## Given material
+---+
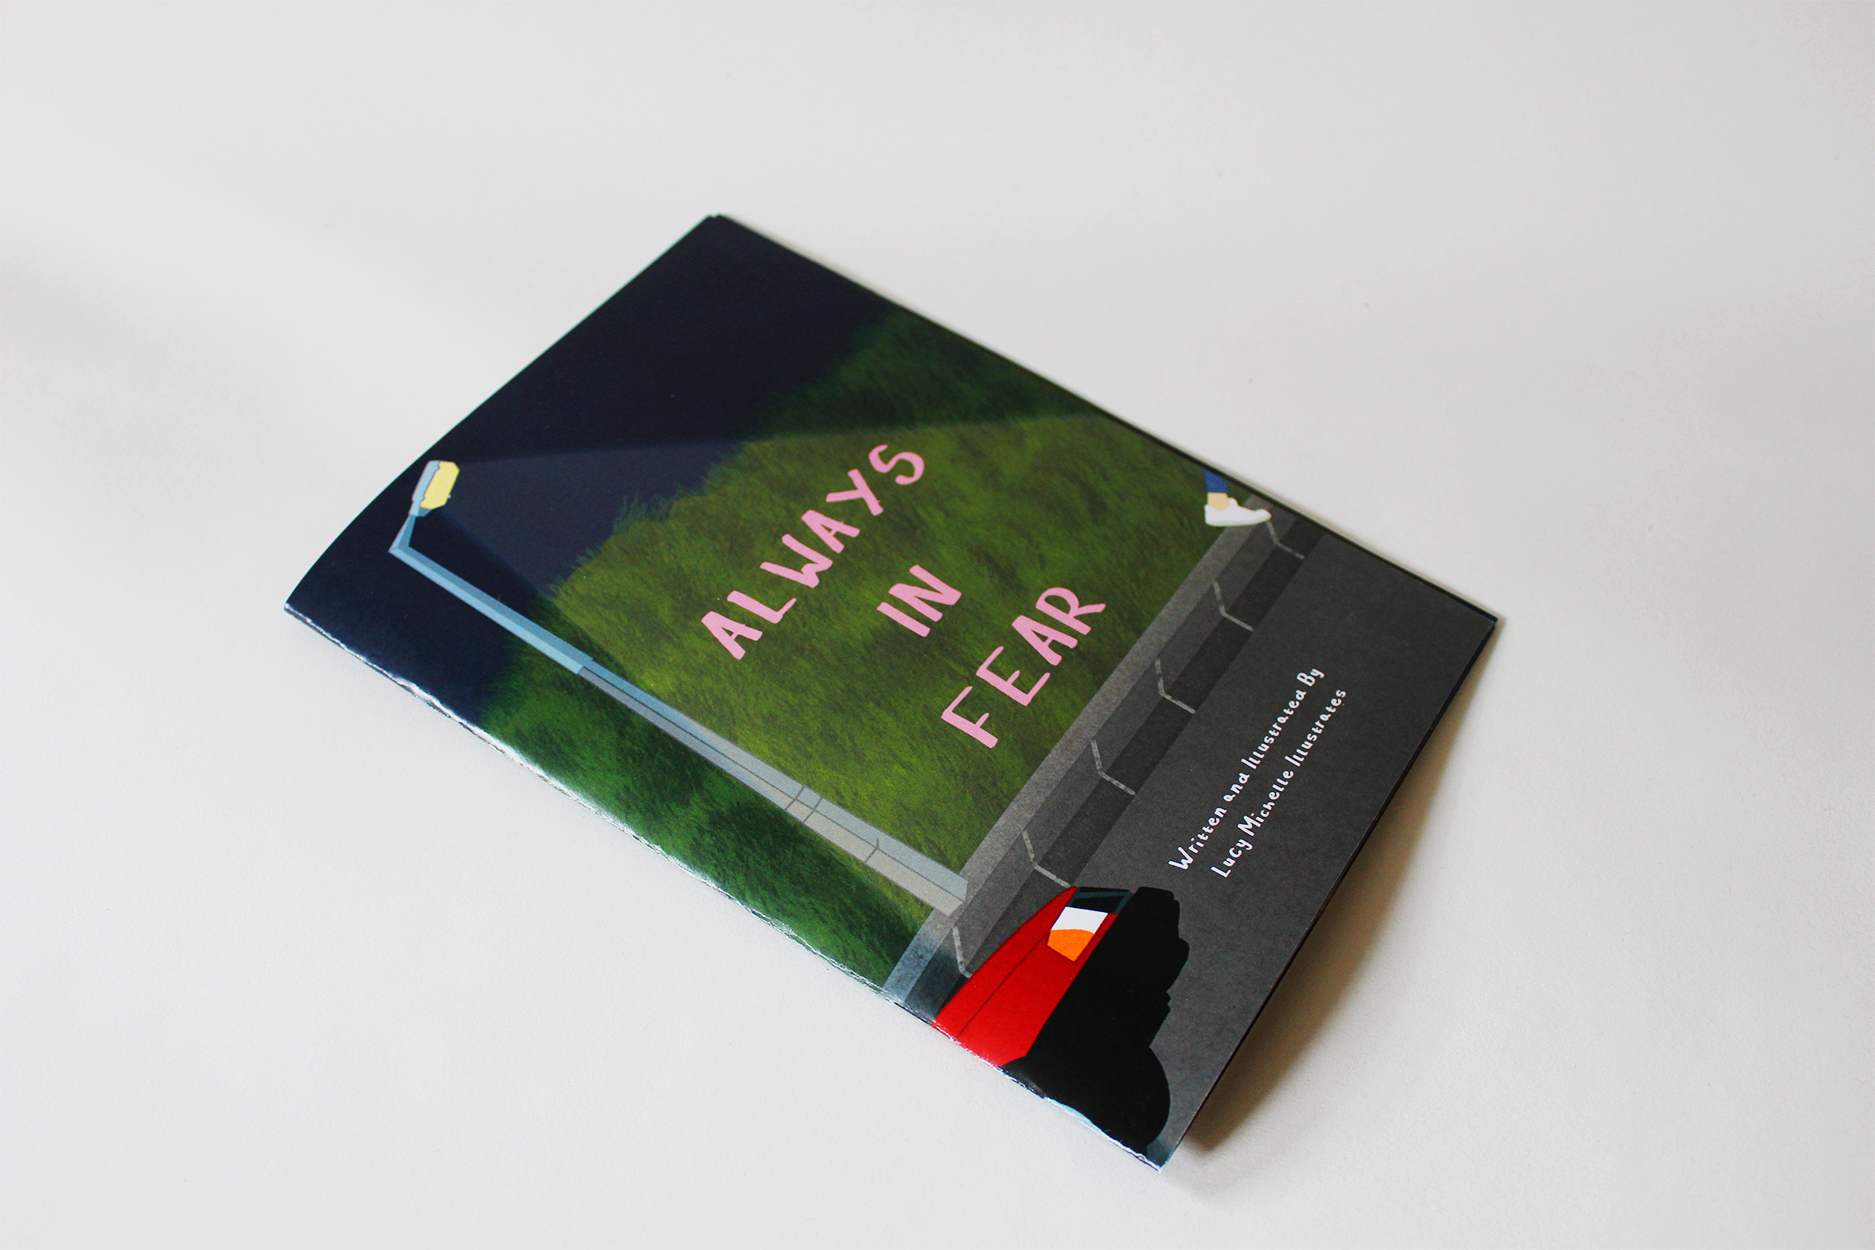 A photograph of printed zine 'Always in Fear' by Lucy Taylor. The front cover shows a road and pathway, lined by green hedges. Creeping on to the side of the zine is a red car, with headlights on. A lamppost shines a light downward, revealing the title of the zine. A small foot can be seen leaving the other side of the page, as if walking out of the frame
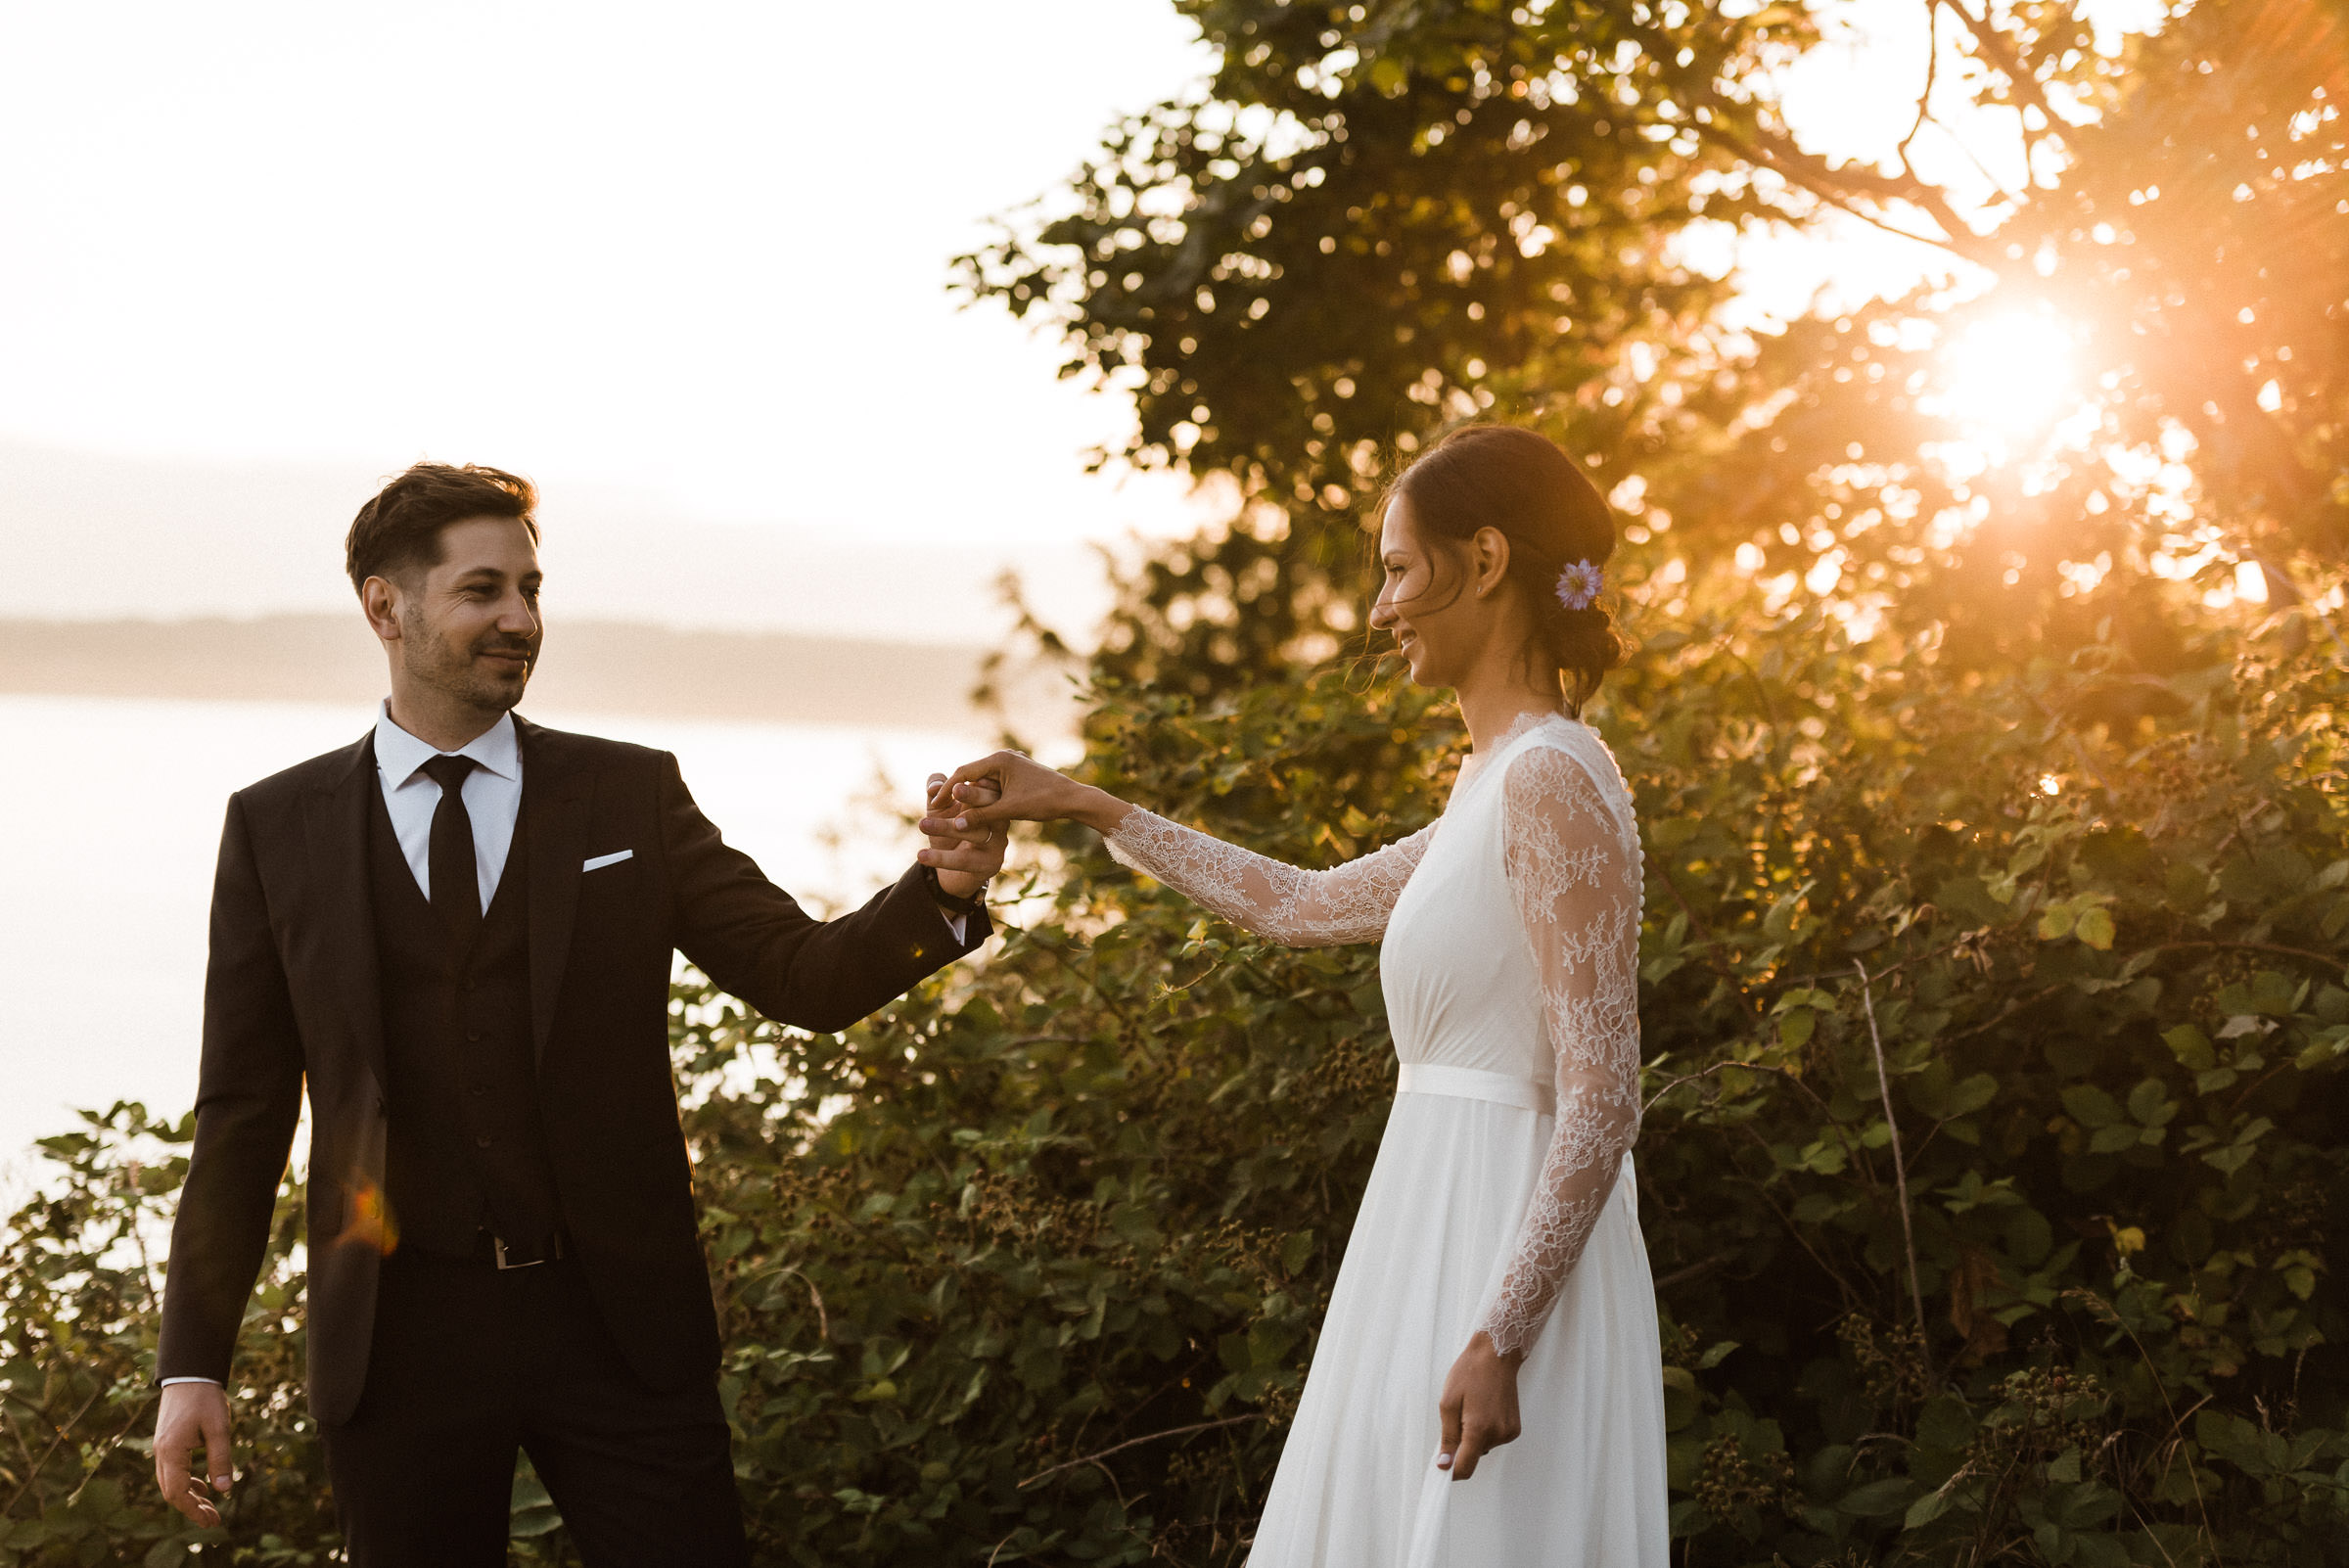 Wedding couple at sunset during a Discovery Park Seattle elopement.
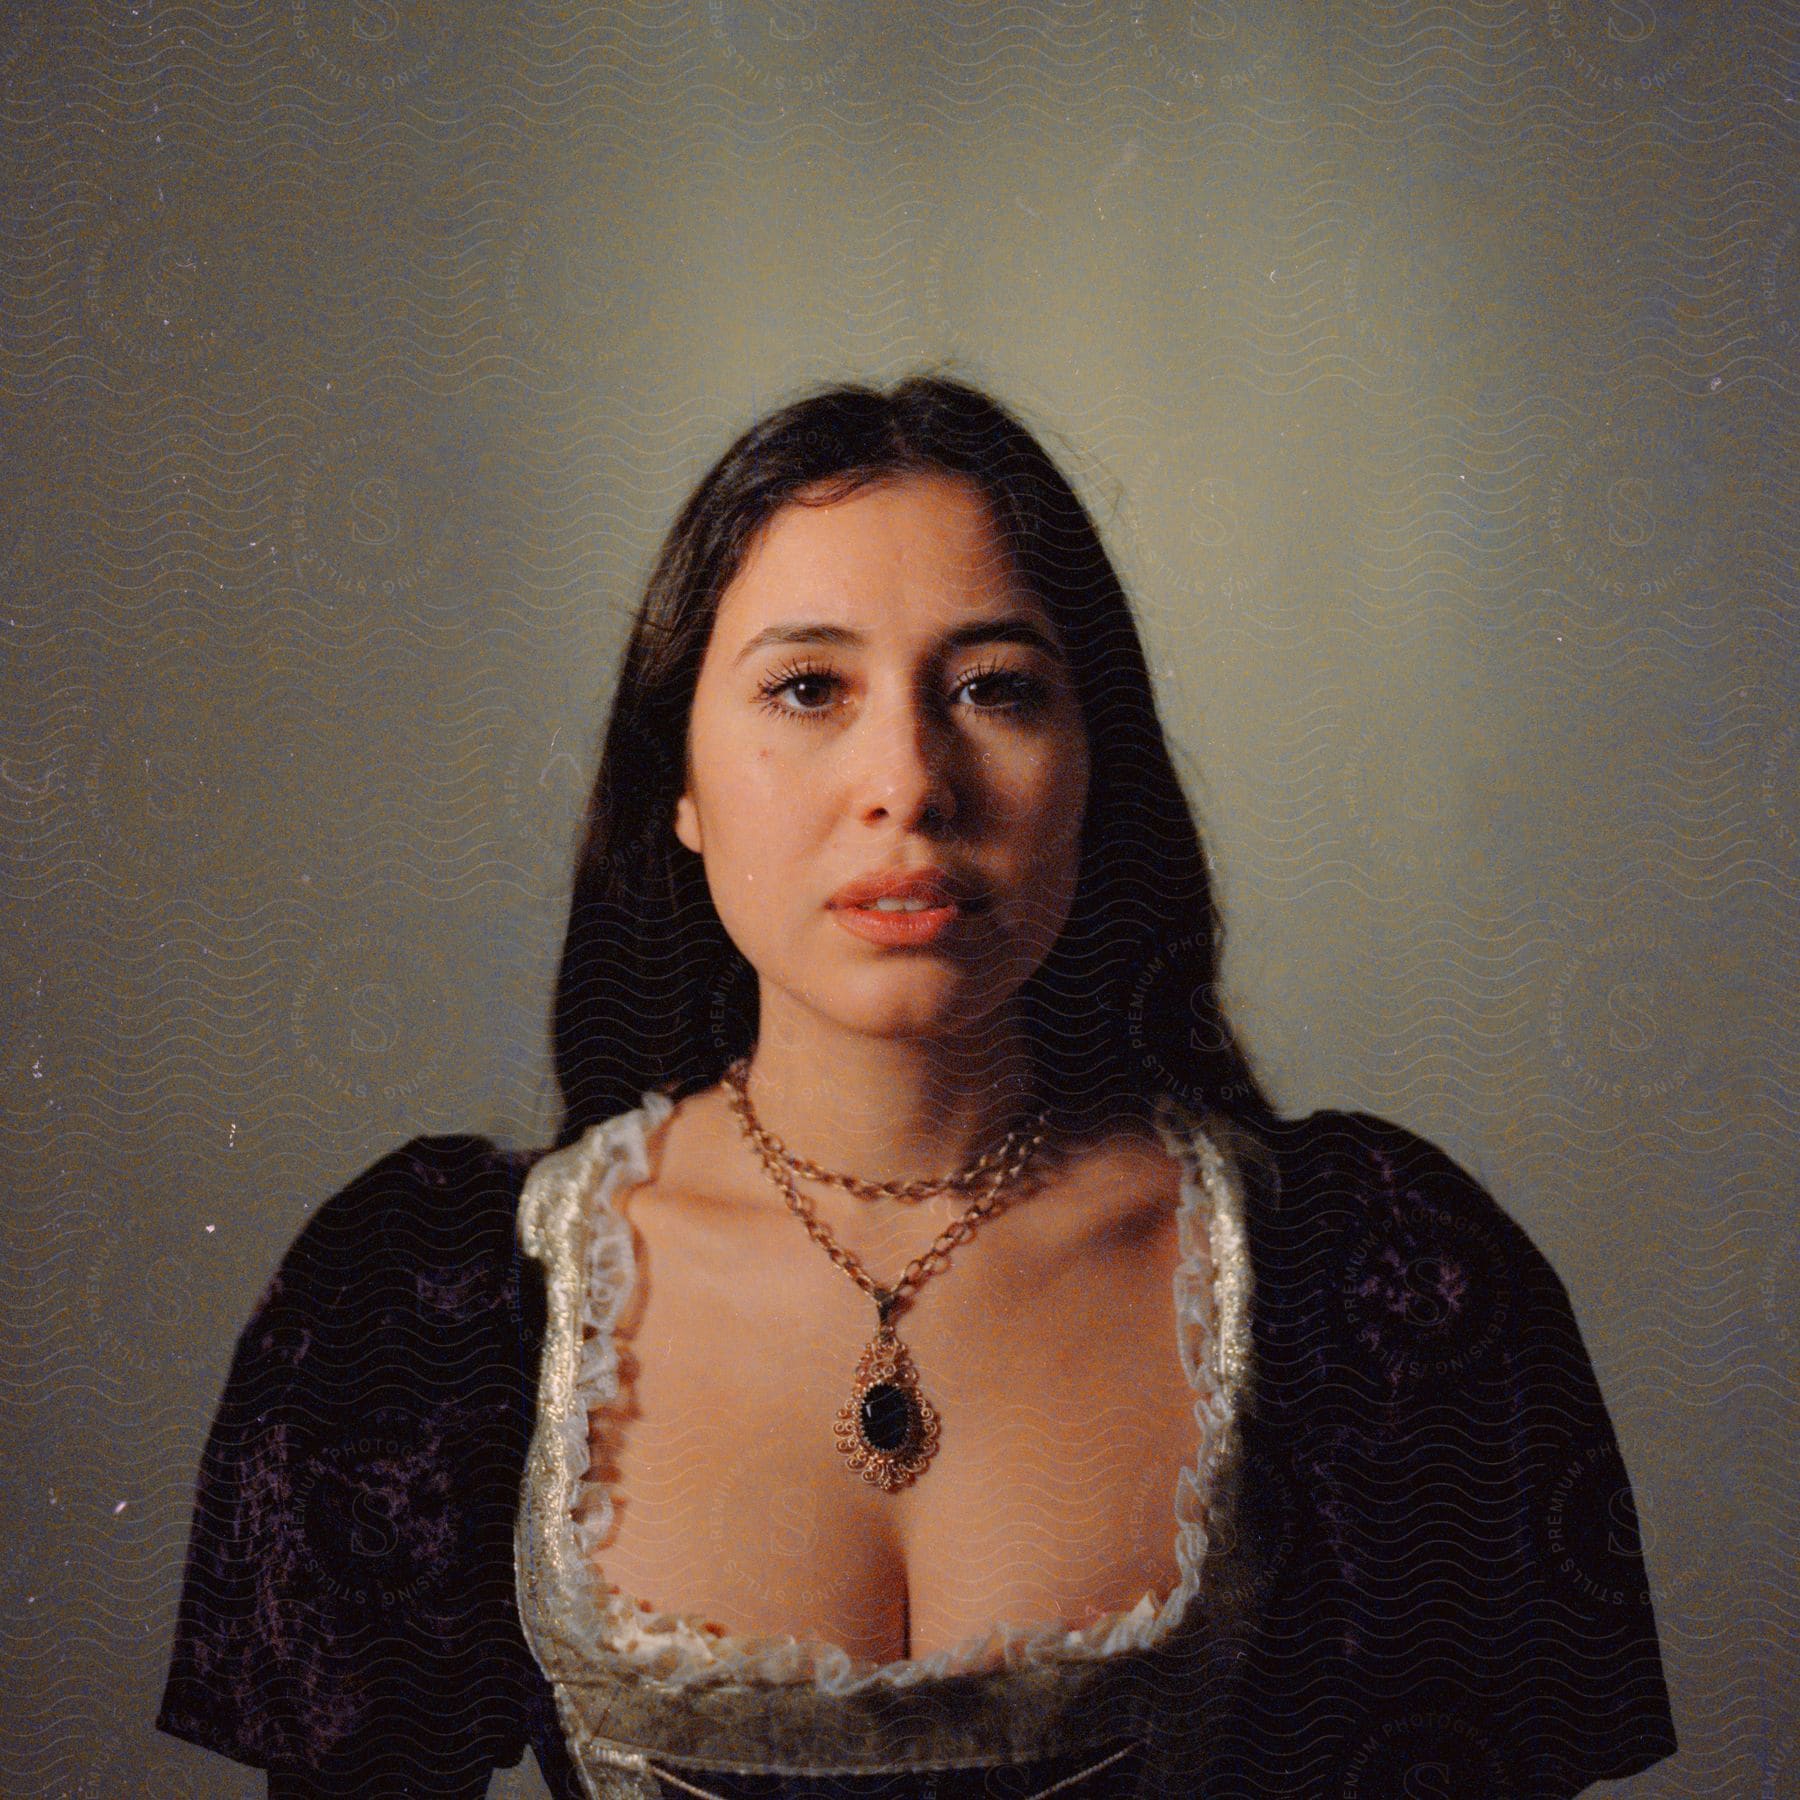 A portrait of a woman in a photography studio with a grey background.
+---+
## Work item
Retype the data above as given, letting no picture into the copy.

## Written reply
 A photograph of printed zine 'Always in Fear' by Lucy Taylor. The front cover shows a road and pathway, lined by green hedges. Creeping on to the side of the zine is a red car, with headlights on. A lamppost shines a light downward, revealing the title of the zine. A small foot can be seen leaving the other side of the page, as if walking out of the frame
 Wedding couple at sunset during a Discovery Park Seattle elopement.
 A portrait of a woman in a photography studio with a grey background.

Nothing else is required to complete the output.